Summary of the Supreme Court’s Decision

The Supreme Court’s decision involved not only traditional tax issues such as analogical application and mutatis mutandis application of the ESOL, but also legal issues such as general provisions of the Civil Code pertaining to the point in time when the SOLTC commences, causes for tolling of the SOLTC and abuse of the SOLTC.

First, as to whether the ESOL on the rights of tax assessment under the NTBL can be applied mutatis mutandis or by analogy to the statute of limitations on the rights for tax collection, the Supreme Court clarified that “the obligation to pay corporate income withholding taxes is automatically established pursuant to the relevant legal provisions, and is not dependent upon the tax authority’s exercise of its rights of tax assessment.  Therefore, there is no room for application of the ESOL.”  As such, the Supreme Court held that there was no unlawful aspect to the lower court’s decision(s) that the ESOL set forth under Article 26-2 (2) (a) of the NTBL could not be applied to the disposition of tax collection.

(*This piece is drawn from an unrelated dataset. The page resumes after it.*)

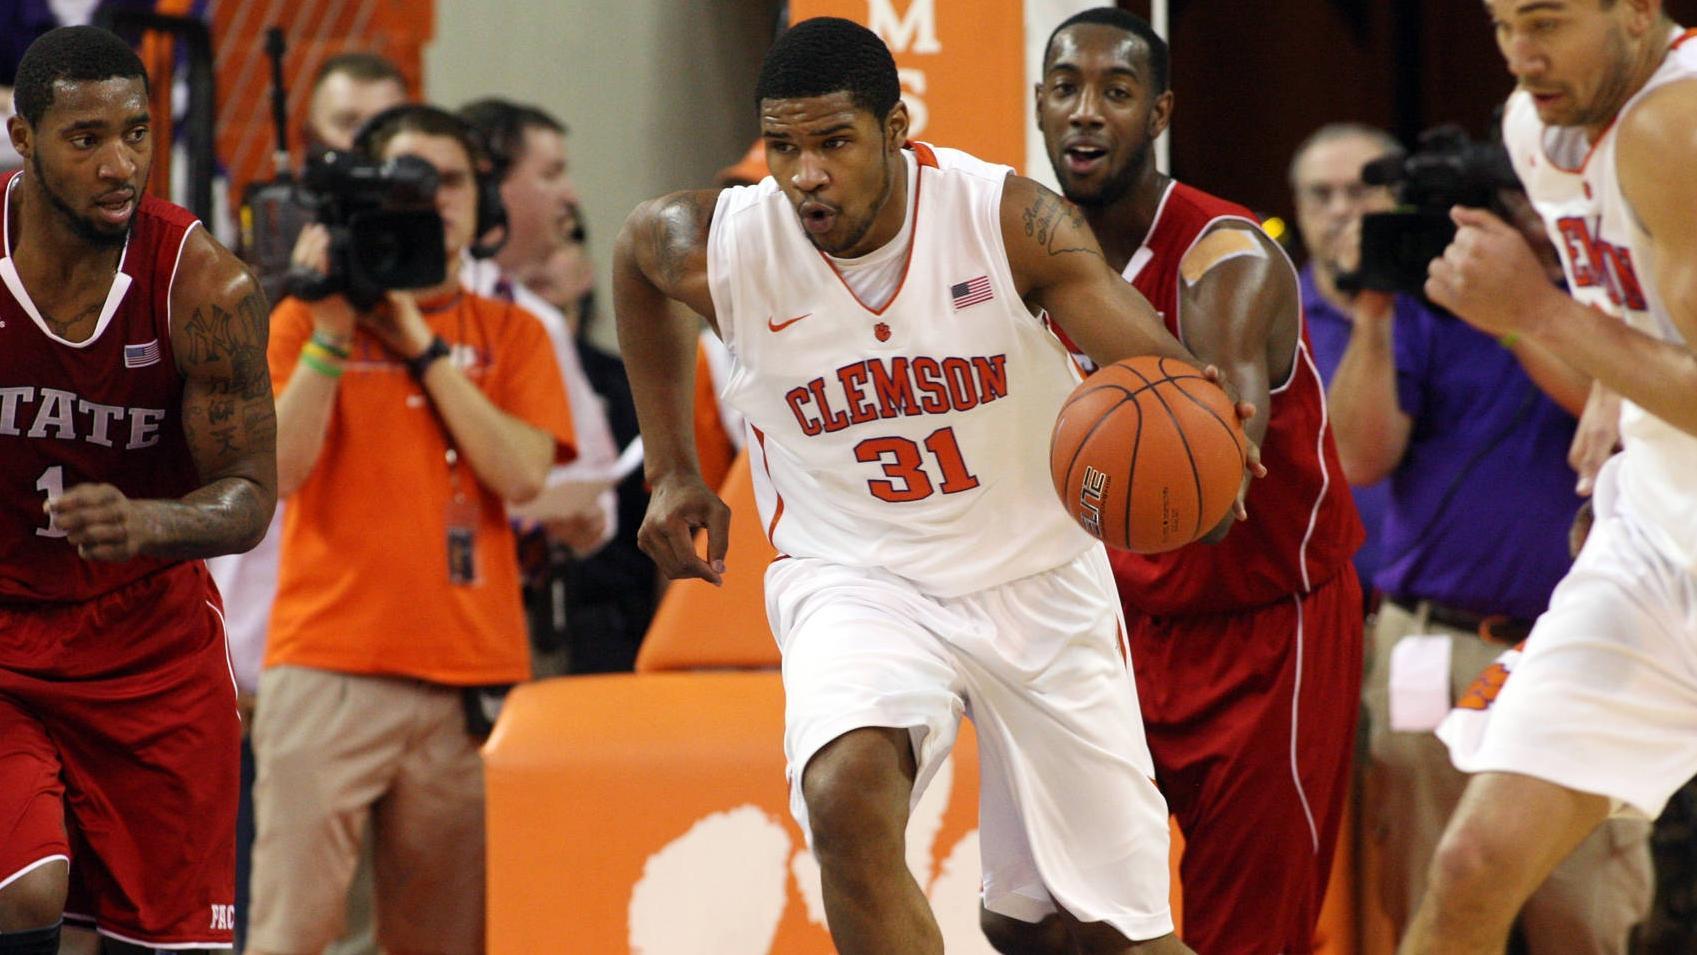 Clemson Releases Full 2012-13 Men's Basketball Schedule

Concerning the starting point of the statutory period for which the government has the right to collect corporate income (withholding) tax, i.e., whether it is one day after the tax payment due date (May 11, 2005) or the date of the Supreme Court’s final decision (September 4, 2014), the Supreme Court viewed the former (May 11, 2005) as the starting point of the statutory period since the tax authorities could have exercised its tax collection right from that date.  This is true irrespective of the fact that it may have been difficult for the tax authorities to determine the BO before the previous decision of the Supreme Court was rendered.

Significance of the Decision

The Supreme Court’s decision represents a significant development in that it was the first time a Korean court upheld the legal principles that (i) application of the ESOL on the tax authority’s tax assessment right is limited only to the same type of tax; and (ii) statute of limitations on the tax authority’s tax assessment right shall not be applied mutatis mutandis or in an expansive manner to the rights of tax collection.  With this Supreme Court decision having clarified that provisions concerning the statute of limitations apply to disposition of tax collection, a ten-year SOLTC under the current NTBL, will apply to withholding taxes over KRW 500 million (Article 27 (1) (a) of the NTBL).

In this case, the tax authority argued that unlike in traditional tax assessment, type of tax is not a fundamental element in a withholding situation, and that there was no clear or specific precedent on the extent of re-disposition of tax collection because existing precedents on re-disposition pertained only to tax assessments (and not tax collection).

Kim & Chang demonstrated that since the tax authority’s rights of tax collection, unlike those of tax assessment, already implements a “tolling of SOLTC” system, there would be no need to apply the ESOL to tax assessment in an expansive manner.  We also argued that since the taxpayer, taxable period and type of tax are fundamental elements that comprise the unit of tax liability, there is no room to apply the ESOL where two cases involve different types of tax.

We successfully represented the Plaintiff in the first appeal to induce a decision of cancellation for the personal income (withholding) tax assessment in the amount of approximately KRW 43 billion, and also obtained in the second appeal the decision of cancellation of the Defendant’s assessment of KRW 180 billion in its entirety.  Both rulings by the Supreme Court are significant and may impact subsequent cases as they clarified that (i) the ESOL on tax assessment does not apply to a disposition of withholding tax collection and (ii) in legal relationship pertaining to withholding, type of tax serves as the fundamental element that comprises the unit of tax liability.